I spent this morning gathering performance data for all of our major supported devices. The results are very interesting.
First a note on methodology, these tests where intentionally performed against a distant (70ms) exit server and against real internet targets. In terms of pure iperf performance these devices can usually do about ~30% more, but I wanted to get realistic usage numbers. Including things like TCP window scaling thanks to the high latency and distance. What’s not realistic about this test is that mesh links are perfect (Ethernet cables). I wanted to inspect the software stack that’s under direct our control for problems before diving into antenna tuning.
The results are really interesting.

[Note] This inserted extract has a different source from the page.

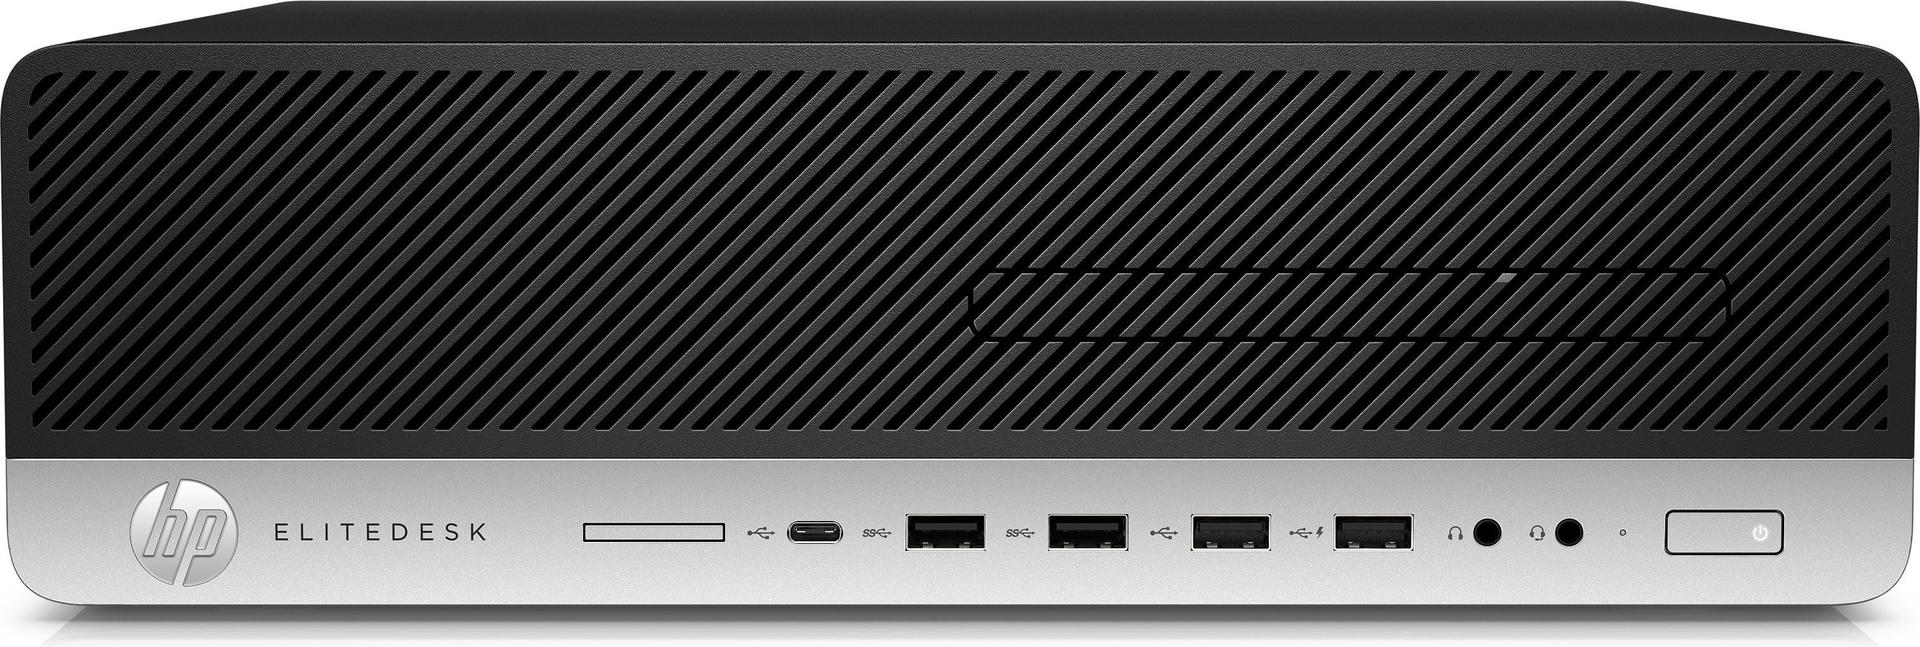 HP EliteDesk 800 G4-Small-Form-Factor-PC (4KW51EA#ABD)

Latency wise performance is flawless across the board, less than half a ms additional latency per hop, meaning video calls or live streaming will continue to be viable even deep into the network.
In terms of throughput loss to meshing things are also pretty positive. When meshing with a higher performance gateway devices nodes actually saw throughput increase which says good things about our packet scheduling and network design. On the other hand deeper connections of identical devices must suffer the rules of queueing theory. Throughput has to go down as the chain increases in length. At a rate of about 5-10% per hop currently from current tests, but these aren’t very reliable to extrapolate form.
The absolute value of mesh throughput is a little more complicated and related to Wireguard encryption performance and other device properties. Lets compare our two highest performance devices. The EdgerouterX using a MT7621 and the Turris Omnia using a Armada 38x. You may notice that the Omnia has about double the cpu clock speed and about double the performance.
While this is intuitively ok, the reality is that it shouldn’t be the case. The Armada has a L2 cache (L1 cache specs are the same on both devices) and ARM is typically considered to have a higher IPC (instructions per clock) execution rate. It’s hard to narrow down what’s causing what here, my hunch is memory speed and lack of DMA to make copying traffic around efficient, I should probably do some cache miss stats on the Omnia before reaching further conclusions.
A supporting note is that on the n750 35% of the total cpu load is in sirq AKA copying data off of the nic and into memory. This could indicate a lack of DMA (direct memory access) where higher frequencies would directly assist in memory bound workloads.
So the results for the Armor Z2 set a new record for disappointing. The big question is why? In every objective measure the integrated processor is better than the one in the Omnia, which demonstrates high performance.
I’m leaning to an issue with the port, and I’ll have to dig more deeply to see if I can find exactly why. Both targets use Wireguard’s NEON optimization. Next up on my to test list are the following devices.
I’m most excited with the gil.inet while I generally haven’t found their hardware to be the best in the world it’s always been well done and easy to work with. A quad core arm gives me high hopes on mesh performance.
@jkilpatr have you tried reaching out to the batman adv folks about this? Their protocol necessitates processing on a route that possibly skips the hardware optimizations etc so maybe they have experienced similar issues
Now this is really interesting, see that little block over in the starting corner? that’s all the decryption work, you see the big stack on the right, that’s our iptables rules.
But now this one totally contradicts that, is Arm Neon that much more efficient? But in general it seems we’re not restricted by the performance of these kworkers at all, so do we even care? It seems that LEDE’s lack of hardware offload in most cases causes most of our performance problems. Our entire encryption stack is usually only 5-10% overhead compared to raw LEDE. Guess it’s my bad for not getting a good baseline.
that last one is the sysirq thread, so there’s no wireguard there.
The middle one is the n600 and I’m confused as to why wireguard dominates there versus ip6 tables, iptables is there but is much much faster by comparison. Maybe the arm Neon implementation of wireguard is just that much faster? Maybe my random selection of kthreads caused sample bias?
managed to monkey patch in Qualcom Fastpath offload suppport on the n750, no change from the 30mbps tcp perf we normally see (strangely udp perf sucks no matter what, in a reversal of the norm). Rumor on the forums is that you can get an erx to go from 100/100 shaped nat speed to 500/500 with fastpath support, but I can’t find a simple patch like I could for the n750 overall I don’t think it’s worth the current time investment. I’ll come back to it when we’re really needing the speedboost. Maybe then I can take the time to upstream it proper.